Repeat exactly the lines of the records below, starting at the line containing "http://zakon0.rada.gov.ua/laws/show/855-2017-%D0%BF" and ending at the line containing "1.2012 - Status". Leave the pictures out.

Records for this exercise.
= = = = = = =
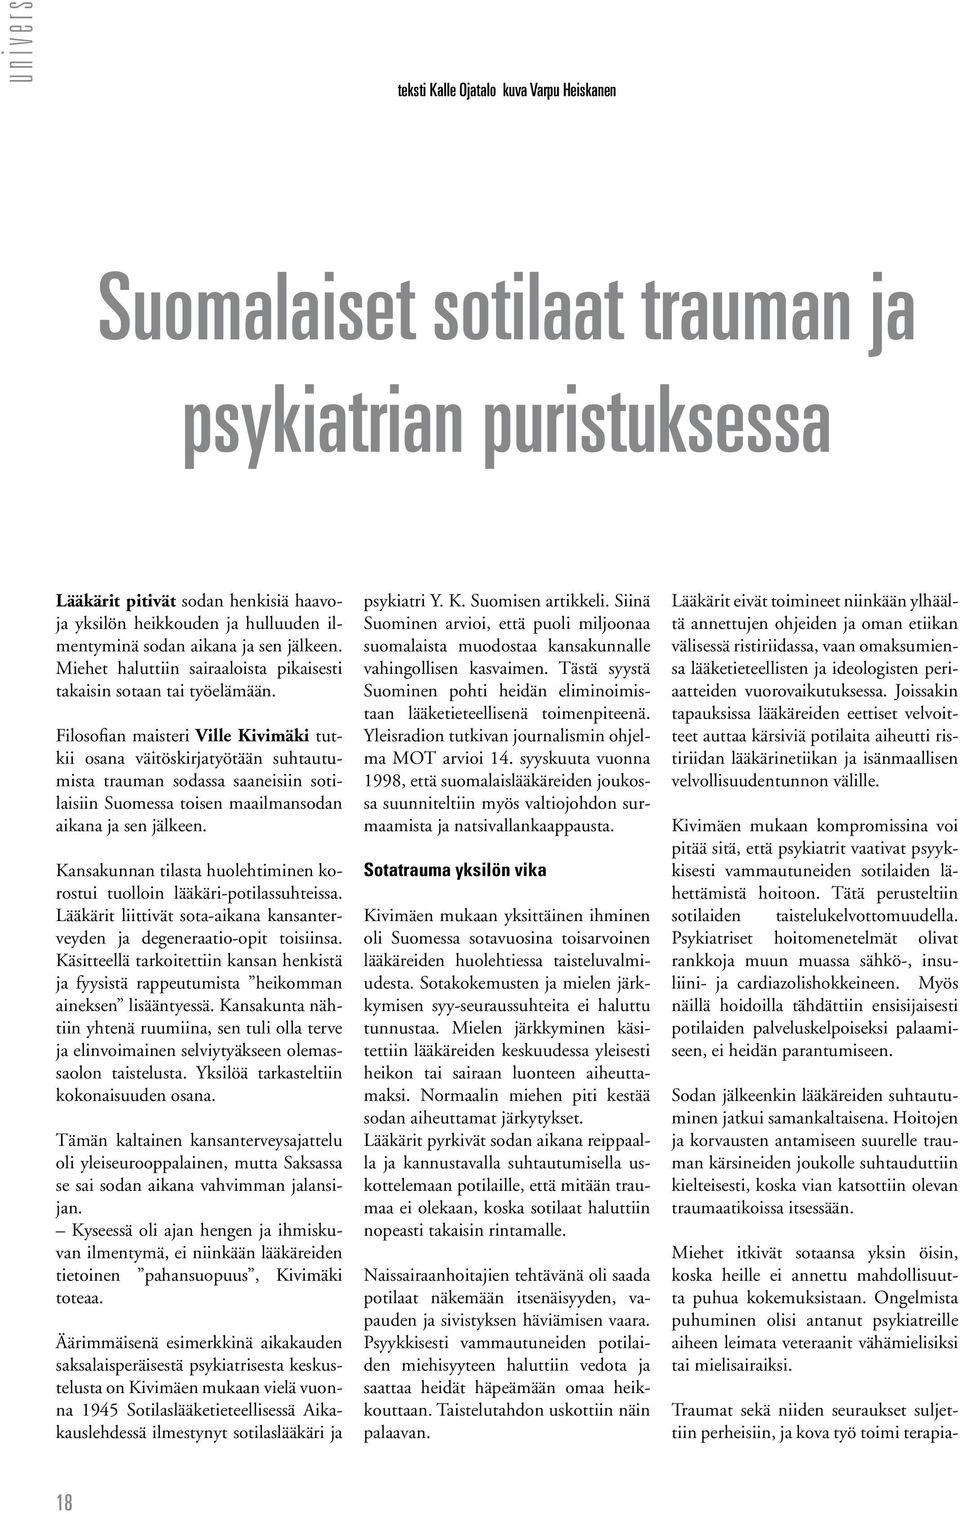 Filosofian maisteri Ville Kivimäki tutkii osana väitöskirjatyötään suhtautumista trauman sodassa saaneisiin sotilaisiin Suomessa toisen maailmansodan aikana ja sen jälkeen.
= = = = = = =
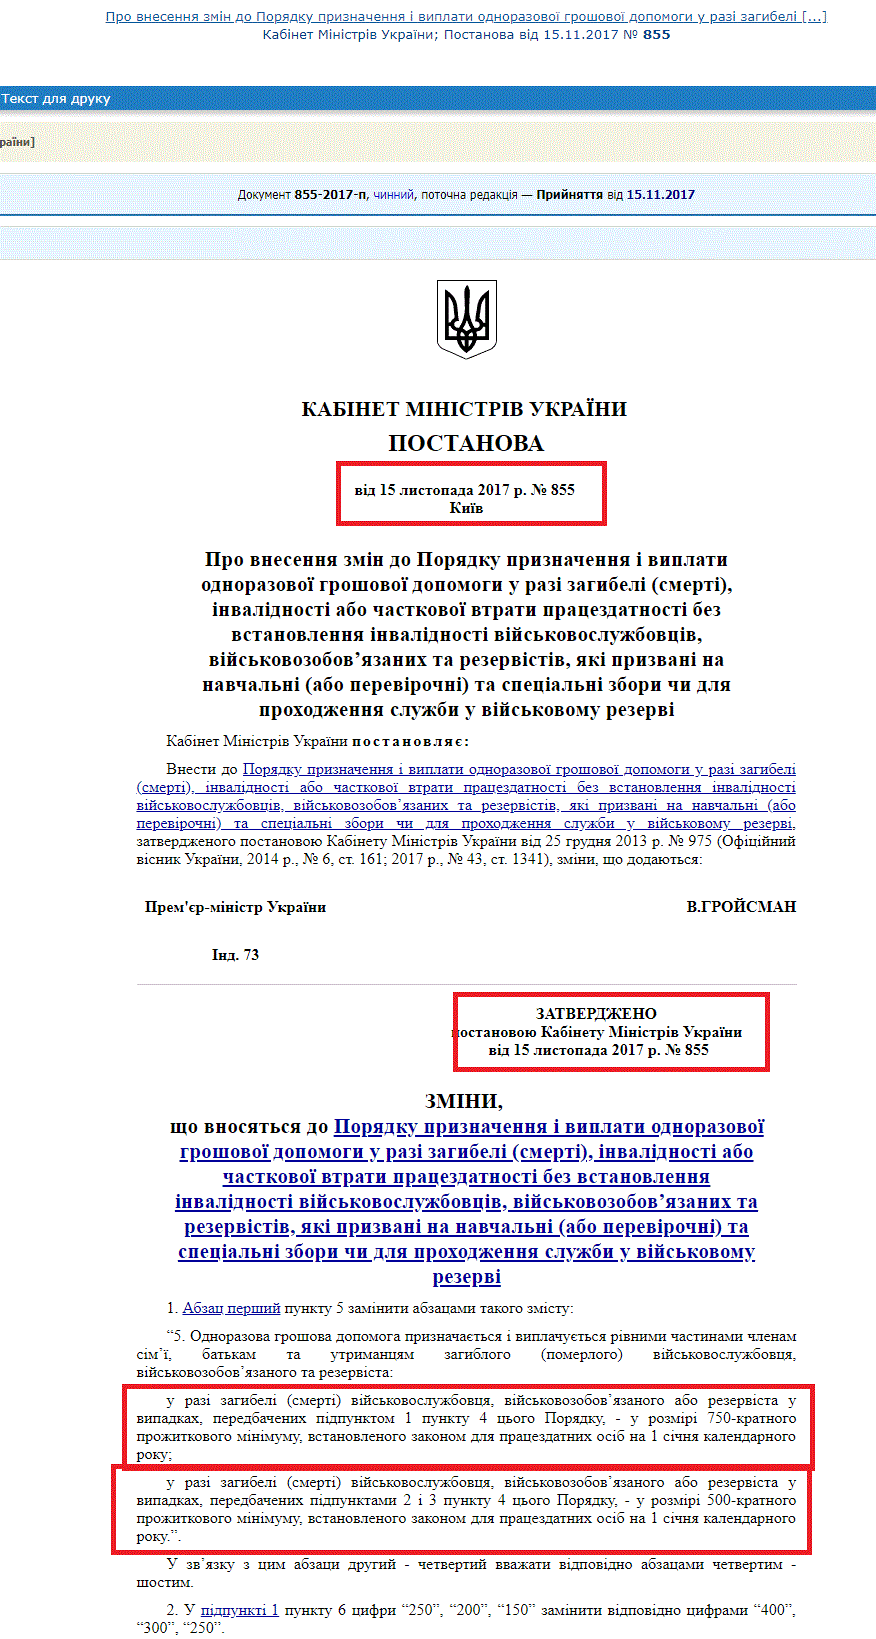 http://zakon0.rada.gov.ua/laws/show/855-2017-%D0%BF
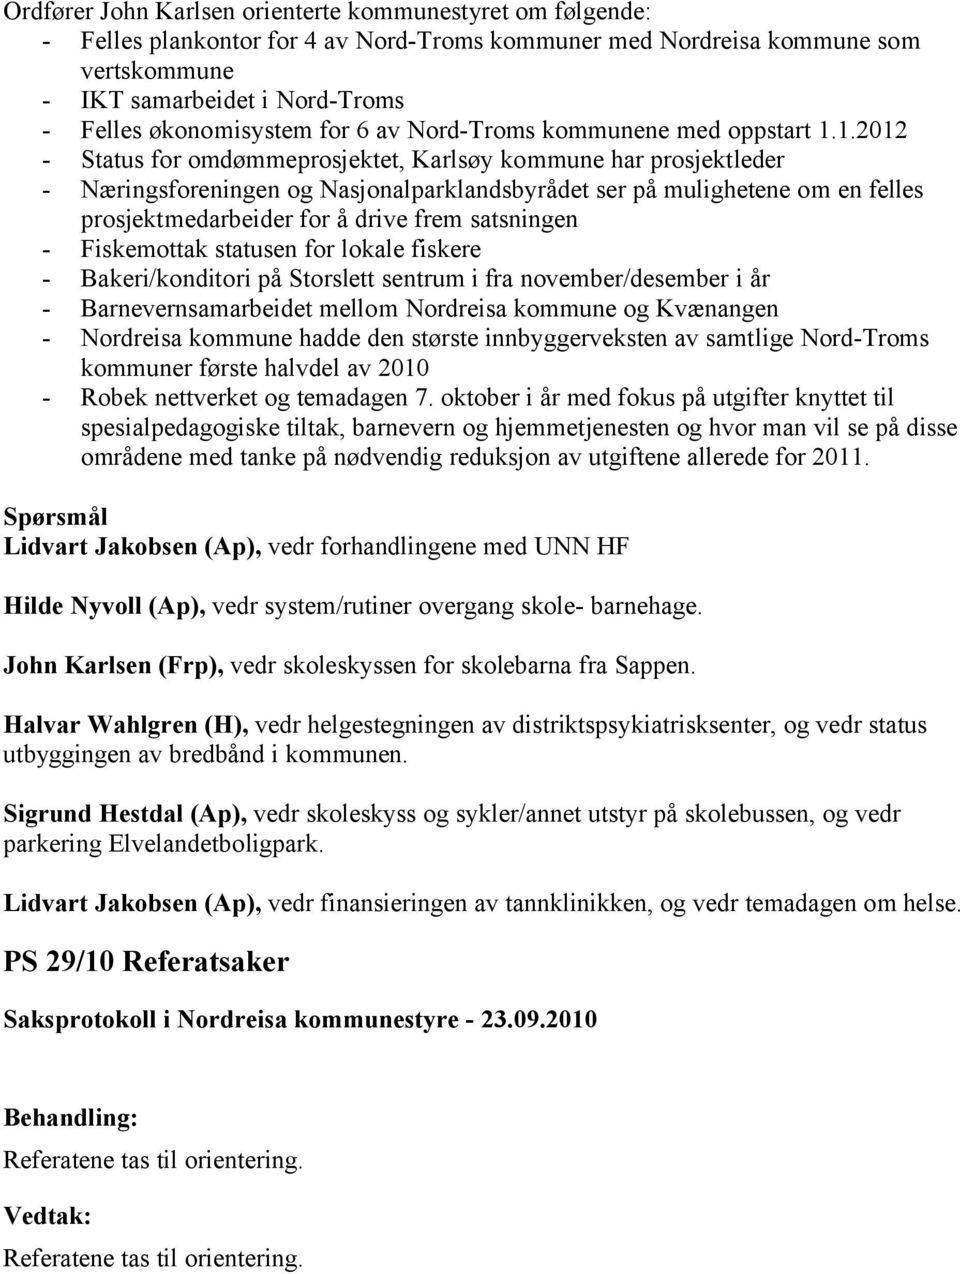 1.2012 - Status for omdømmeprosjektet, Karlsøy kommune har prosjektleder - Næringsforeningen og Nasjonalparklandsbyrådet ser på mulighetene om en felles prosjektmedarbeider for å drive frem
= = = = = = =
Exercise solution.
 http://zakon0.rada.gov.ua/laws/show/855-2017-%D0%BF
 1.2012 - Status for omdømmeprosjektet, Karlsøy kommune har prosjektleder - Næringsforeningen og Nasjonalparklandsbyrådet ser på mulighetene om en felles prosjektmedarbeider for å drive frem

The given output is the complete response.